According to many, philosophy is primarily an armchair discipline. Philosophical work is carried out mainly at the level of logic and concepts. Just like math puzzles, chess puzzles, logic puzzles, crossword puzzles and sudoku puzzles, if philosophical puzzles can be solved at all, then they can be solved in the head. We don’t need to observe the world to solve them. We need only sit in our favourite armchair, close our eyes, insert our earplugs, and think.
I think this characterisation of philosophy as an armchair discipline is broadly correct. But I also lean towards what’s known as empiricism: the view that if you want to discover anything about how things stand outside your own mind, then you need to rely on observation. Our senses, say the empiricists, provide our only window on to external reality.

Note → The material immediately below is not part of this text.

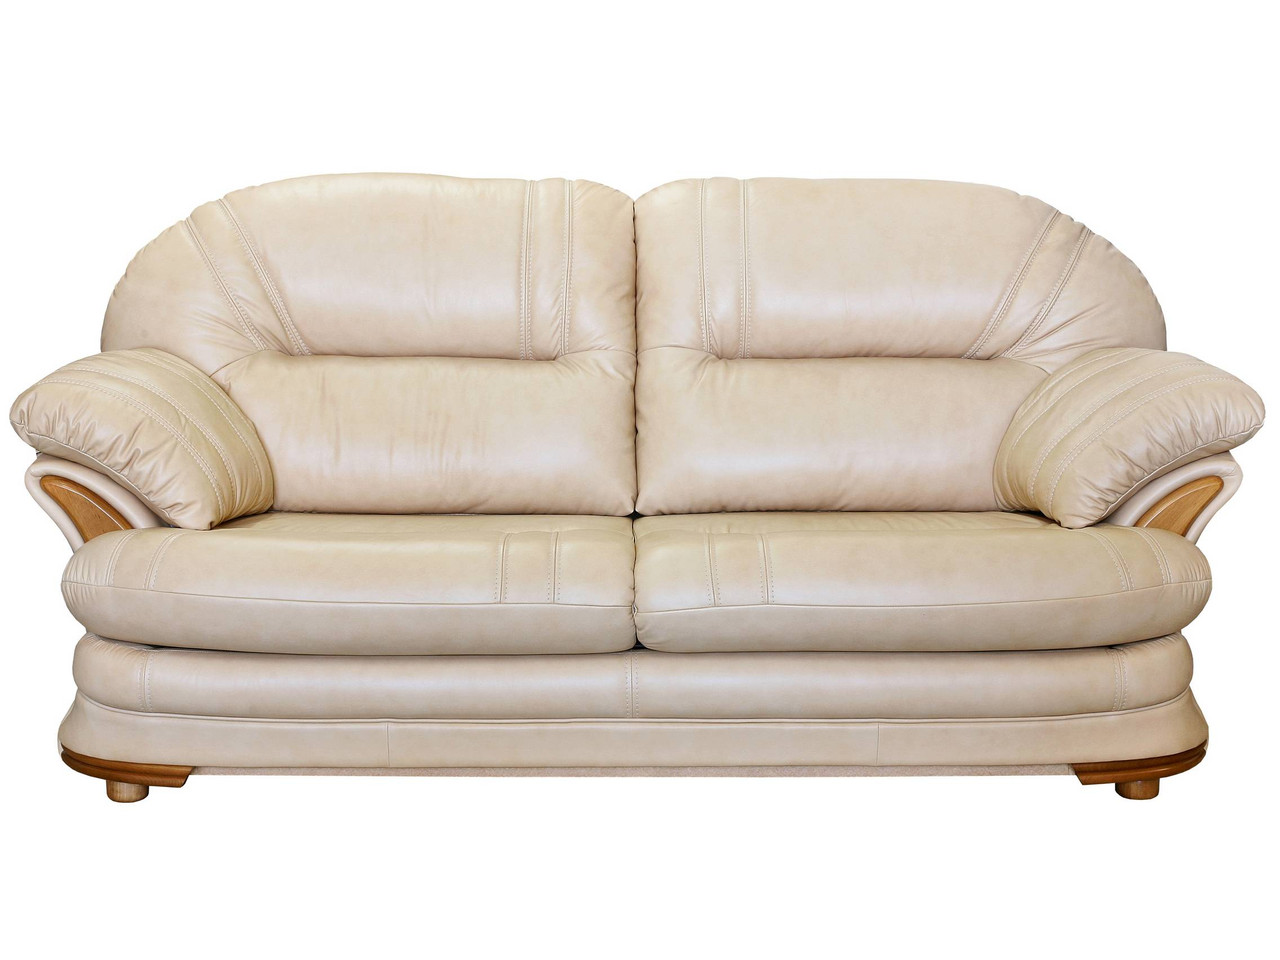 Современный диван - Нью-Йорк, бежевый

Why embrace empiricism? One popular reason is that it’s difficult to see how we could be sensitive to how things stand in our own minds reality other than by means of our senses. For how else could we be sensitive to the world “out there”? If there are external, mind-independent facts to be discovered, surely we’ll need to observe the world in order to reveal them. Sitting in our armchairs and having a good think will get us nowhere.
But then here is a dilemma for philosophers: if philosophy is an armchair discipline, and yet we can discover nothing about the world out there just by sitting in our armchairs and thinking, then philosophy is incapable revealing anything about that world.
Yet isn’t that a key job of philosophy: to reveal how reality fundamentally is?
So, if empiricism is true, and I suspect it is, then it might seem that philosophy can’t do what many want it to do. Philosophy will be a grand waste of time so far as revealing how reality actually is.
This, I suspect, is why quite a few scientists disparage philosophy: it’s why physicist Stephen Hawking pronounced “philosophy is dead” and chemist Prof Peter Atkins condemns philosophy as “a complete waste of time.” If you want to know how the world out there really is, then you need to do science, not waste your time with philosophy. So far as that sort of inquiry is concerned, philosophy can amount to nothing beyond self-indulgent navel-gazing.
Now I lean towards empiricism, yet I’m a philosopher who thinks philosophy is a valuable discipline. So how do I go about resolving this dilemma that empiricism seems to make philosophy a grand waste of time?
I accept that if you want to discover how things stand in external reality, then philosophy is a grand waste of time. However, I just don’t think that’s what philosophy aims to do – or should aim to do. Perhaps some philosophers think that, from the comfort of their armchairs they can penetrate the veil and discern the fundamental nature of reality, but on my view, they’ll get nowhere. If you want to know how external reality is, you need to observe it. In fact, you’ll often need to do observation-based science.
So, I have a relatively modest conception of what philosophy is capable of. I don’t think it can do what some philosophers think it can do. Yet, I’ll argue, that still leaves a great deal of important work for philosophy. But what sort of work? Below I outline one important thing philosophy can do.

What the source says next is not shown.